| Problem |
Without changing a word, copy every line of the listing below and leave out the images.
*** Opening of Data section ***
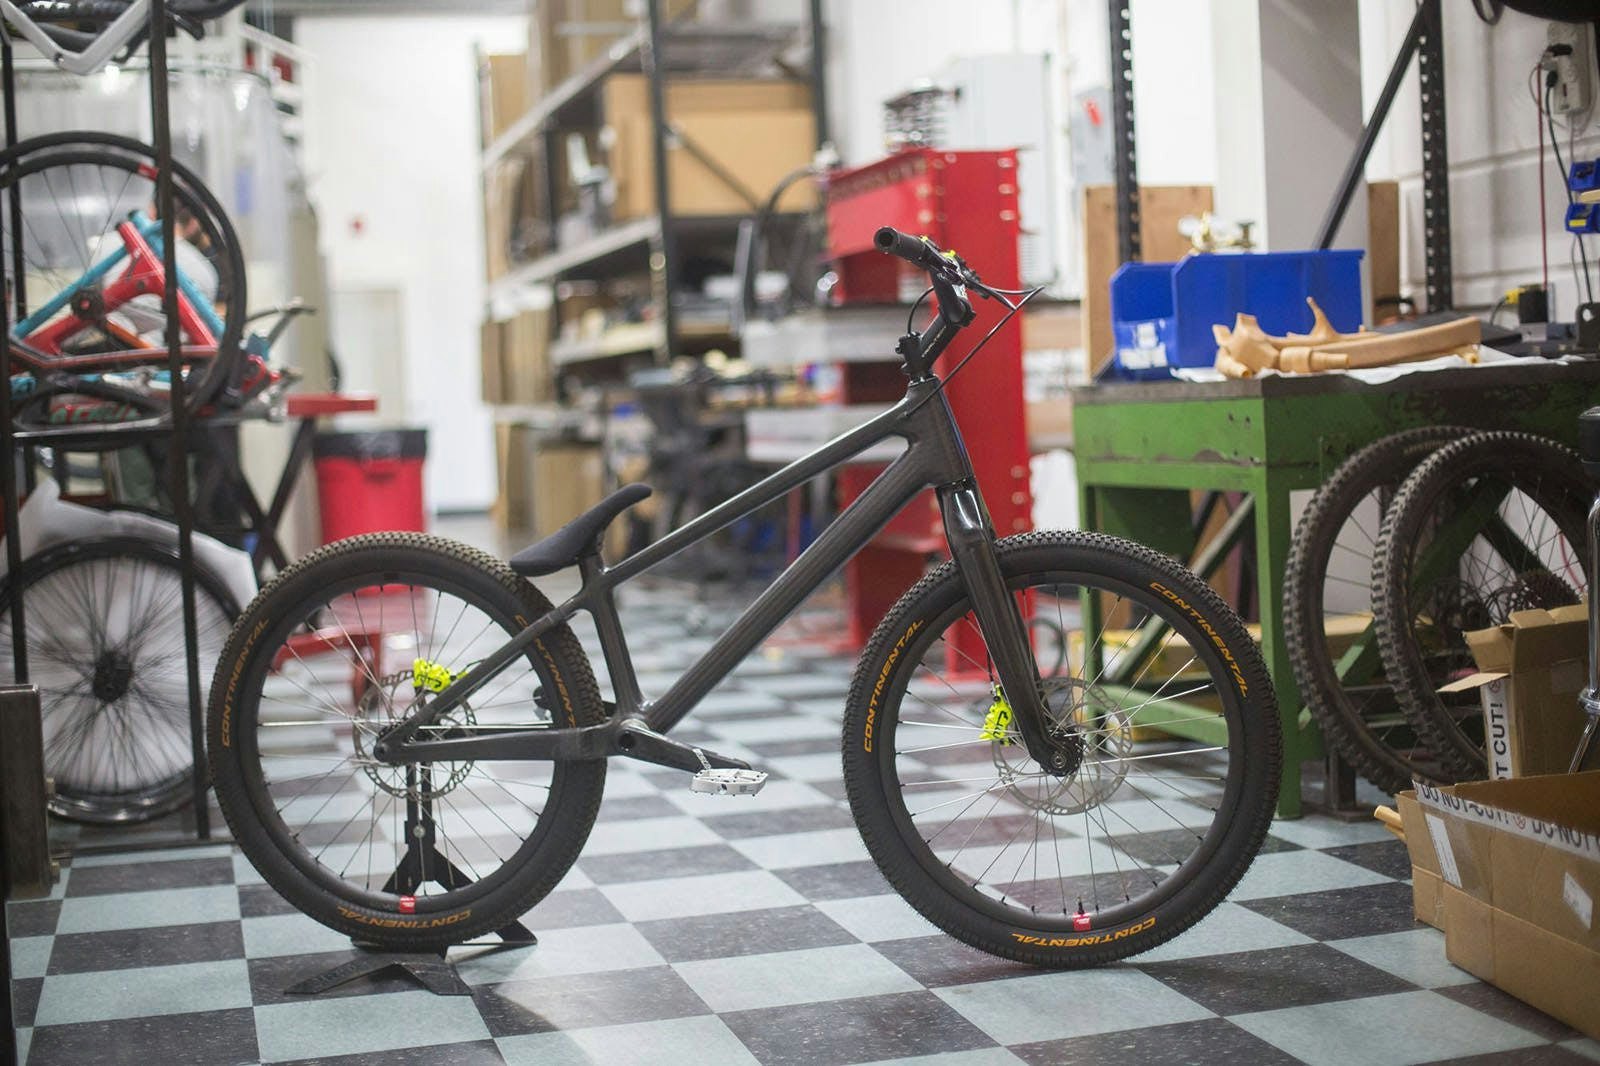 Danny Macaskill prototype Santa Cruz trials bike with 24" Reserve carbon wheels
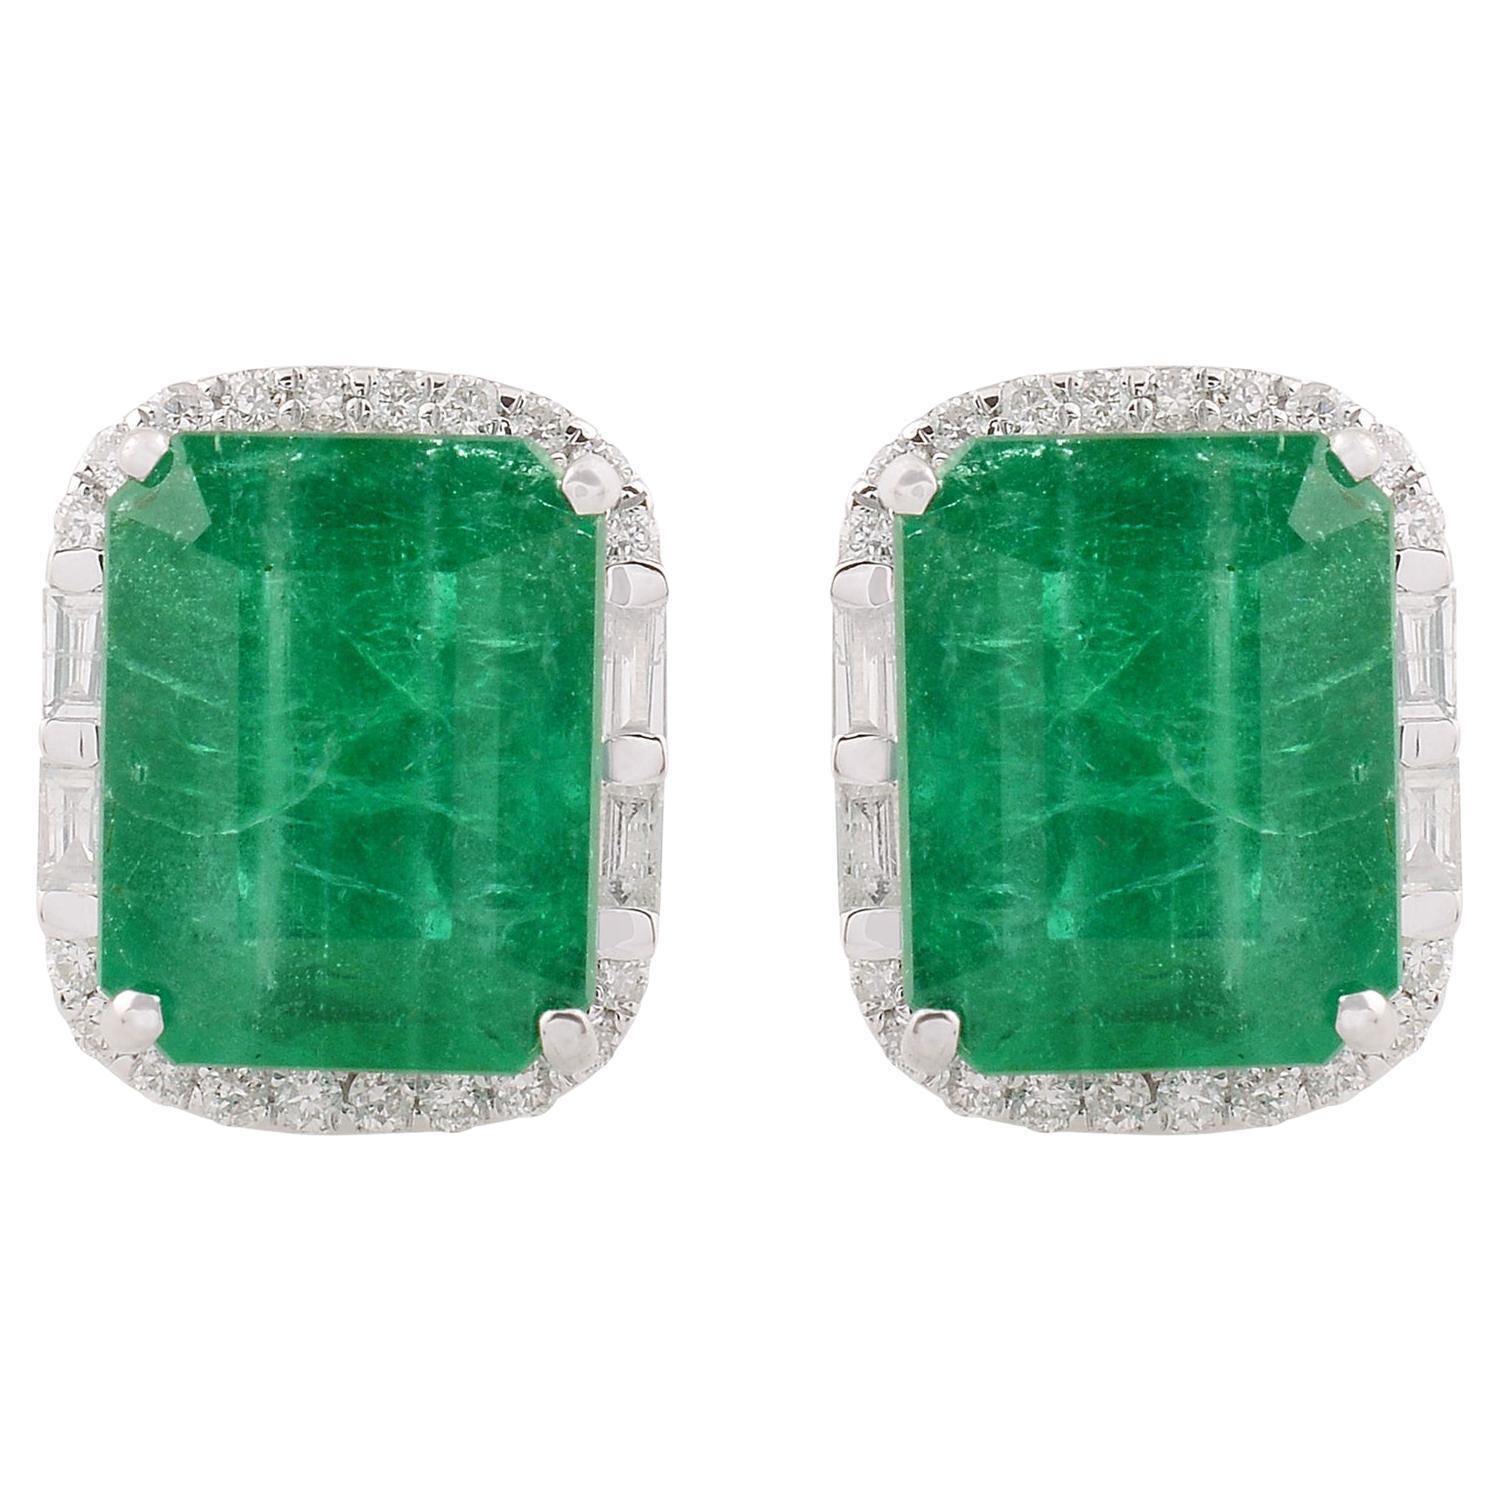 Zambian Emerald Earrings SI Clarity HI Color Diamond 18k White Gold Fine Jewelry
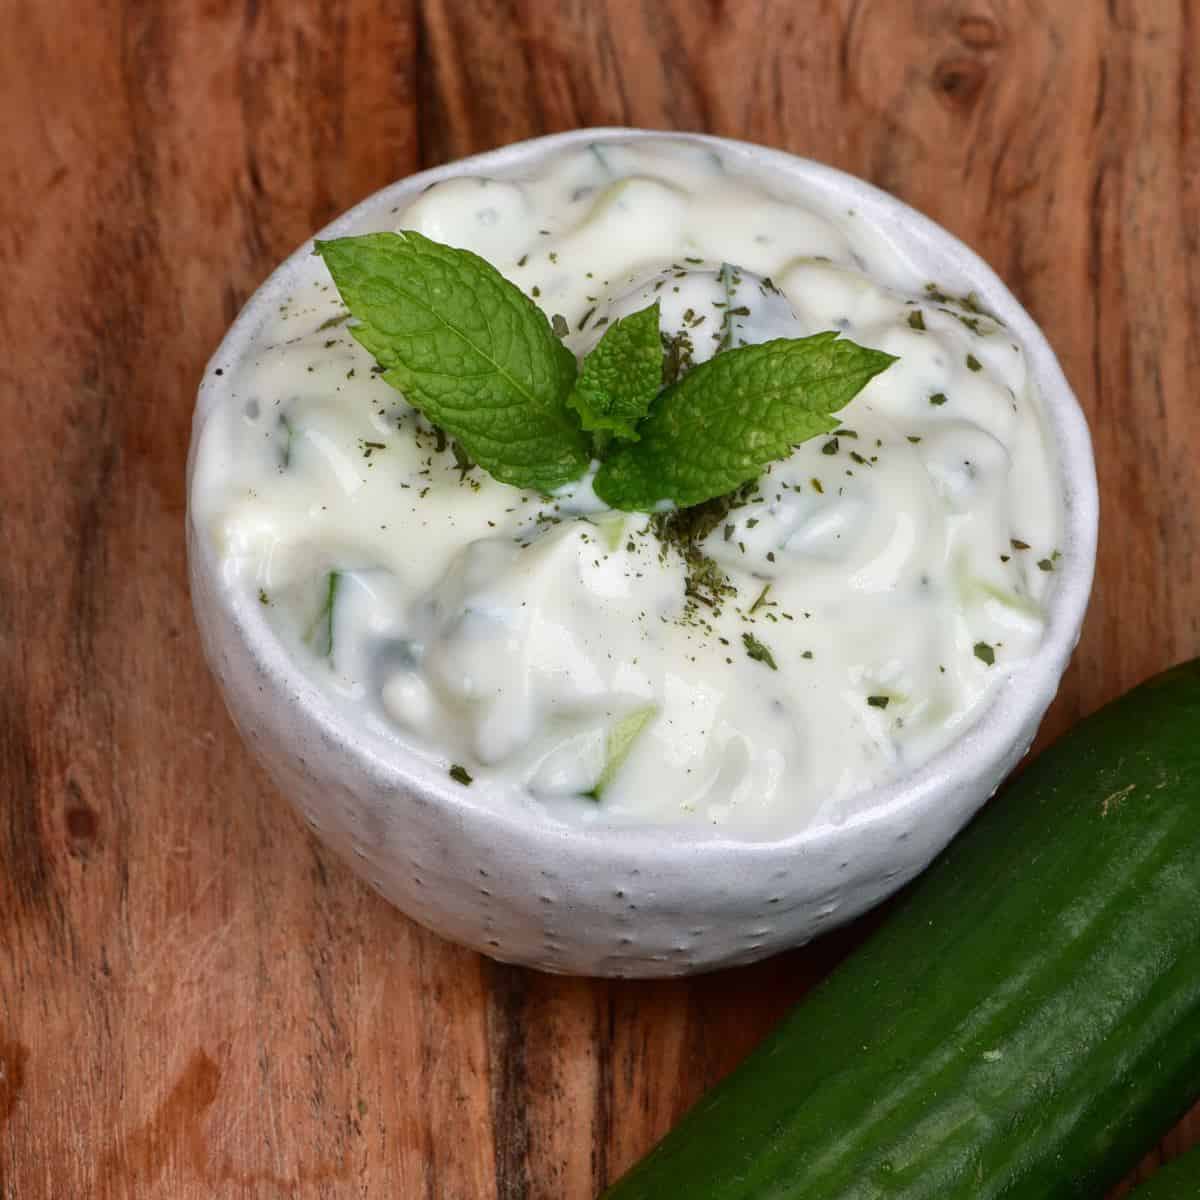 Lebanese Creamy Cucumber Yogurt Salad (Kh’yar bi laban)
*** Close of Data section ***
| Answer |
 Danny Macaskill prototype Santa Cruz trials bike with 24" Reserve carbon wheels
 Zambian Emerald Earrings SI Clarity HI Color Diamond 18k White Gold Fine Jewelry
 Lebanese Creamy Cucumber Yogurt Salad (Kh’yar bi laban)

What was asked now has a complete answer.